Taxicabs not displaying proper stickers

Taxicabs not displaying proper stickers

Sticky situation for taxi drivers in Bradford

Authorities in Bradford have come down hard on taxis who aren’t displaying compulsory door stickers, with eight minicabs being forced off the road for their failure to comply.

The new rules, which stipulate that private hire taxis must display a sticker on their doors with the name of the taxi company on it and stated that they can only be pre-booked, were agreed just under a year ago.

Taxi firms were given until the end of 2012 to adopt the new measures, but Bradford Council extended that deadline until the end of January this year to give operators time to fit the new permanent stickers.

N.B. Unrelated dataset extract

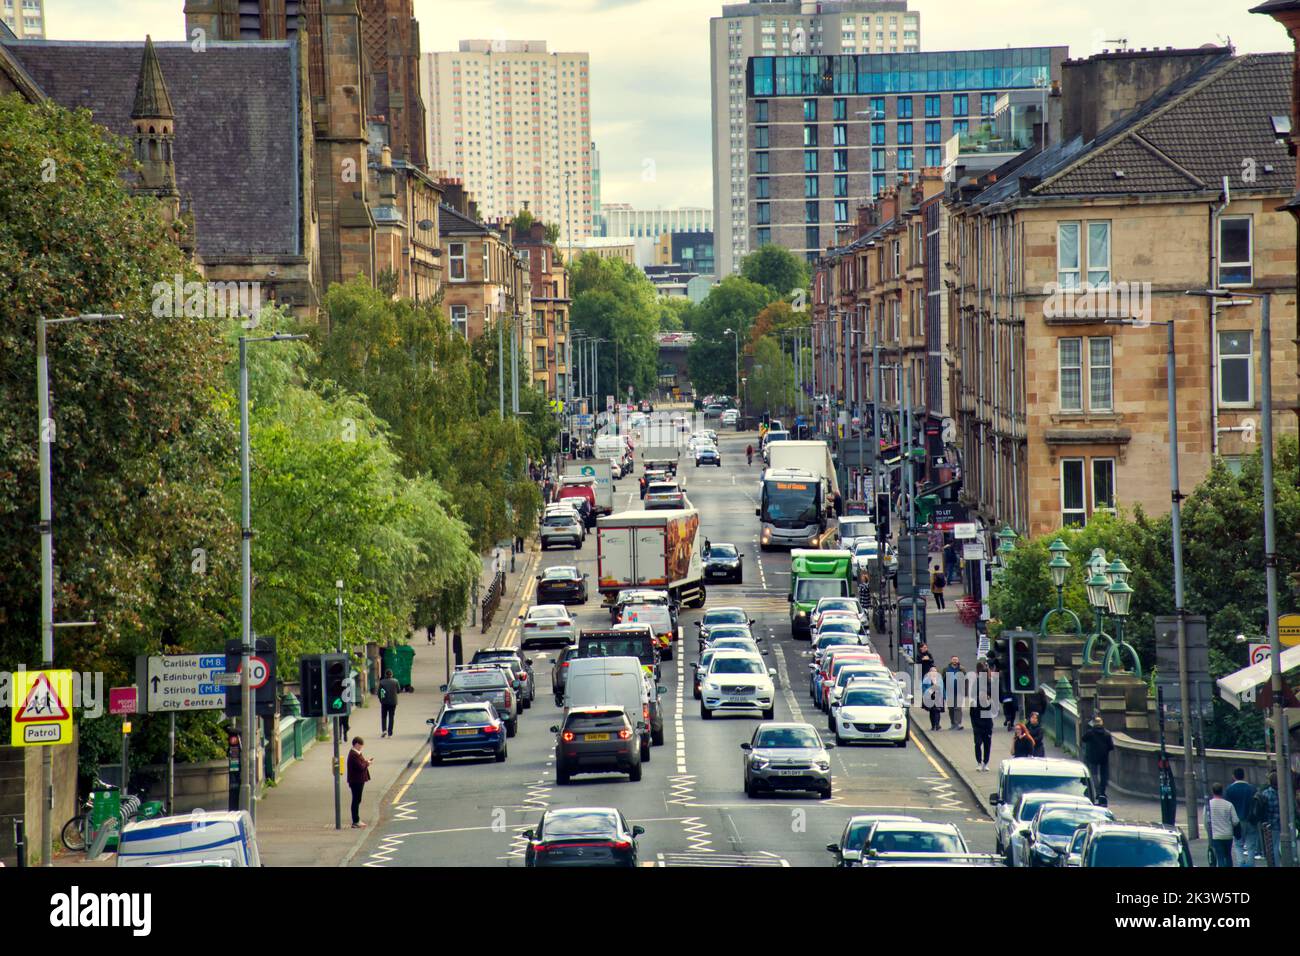 great western road looking to town one of the coolest areas according to time out Glasgow, Scotland, UK Stock Photo
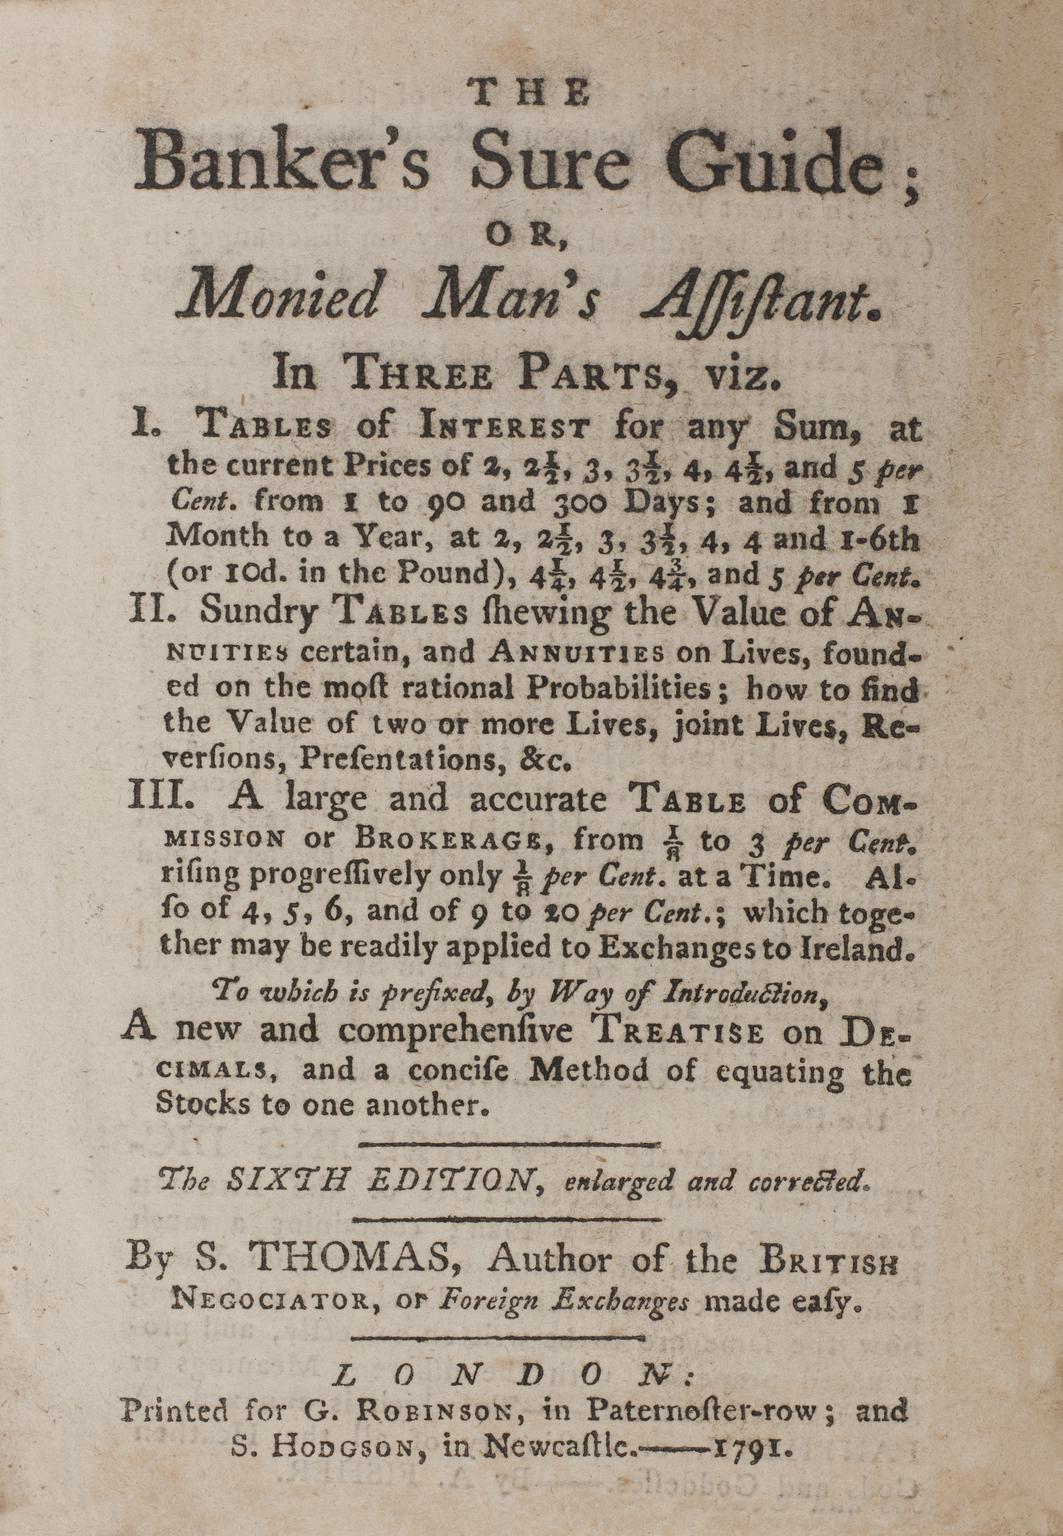 'The Banker's Sure Guide or Monied Man's Assistant' (book; ready reckoner)

The new guidelines were a bid by the Council to make it clear to the public which company they are using and also that those private hire taxis which have ‘Pre booked only’ on them are not permitted to be flagged down.

However, the plans have met with stiff opposition with many taxi drivers in the city with over 350 signing a petition against the new rules.

They claim that the permanent decals will damage the paintwork on their minicabs and fitting them will impose more costs on them when margins are already squeezed. The drivers also argue that the rules won’t actually do much to solve the problem of flagging down private hire taxis.

To comply with the new rules, private hire taxis must:

* Have decals displayed on the side of their vehicle which must not exceed A3 size or be smaller than A5. They must be attached to each front door or each rear door.

* The decals must display the name of the operator of the private hire vehicle and contain the words ‘Private hire’ and ‘Pre-booking only’.

* All stickers and decals comply the advertising policy of the Council and get approval from the Council’s hackney carriage and private hire service.

Bradford Council’s fleet and licensing manager, Carol Stos, points out that the similar rules are enforce in other local authorities in the region. She also argues that the stickers the vehicles are forced to display are actually cheaper than magnetic alternatives.

Magnetics ones, she says, are more like to fall off, be stolen or simply left behind. With permanent stickers, there’s less chance of this and, of course, drivers are less likely to fall foul of the new rules and risk being taken off the road.

“The petition has caused confusion amongst the private hire trade through promulgation of factually incorrect information,” she said.

“In the interest of fairness, the licensing department therefore decided that as long as an approved door sticker was displayed, permanent or magnet, then enforcement action would not be taken until the petition was resolved at committee.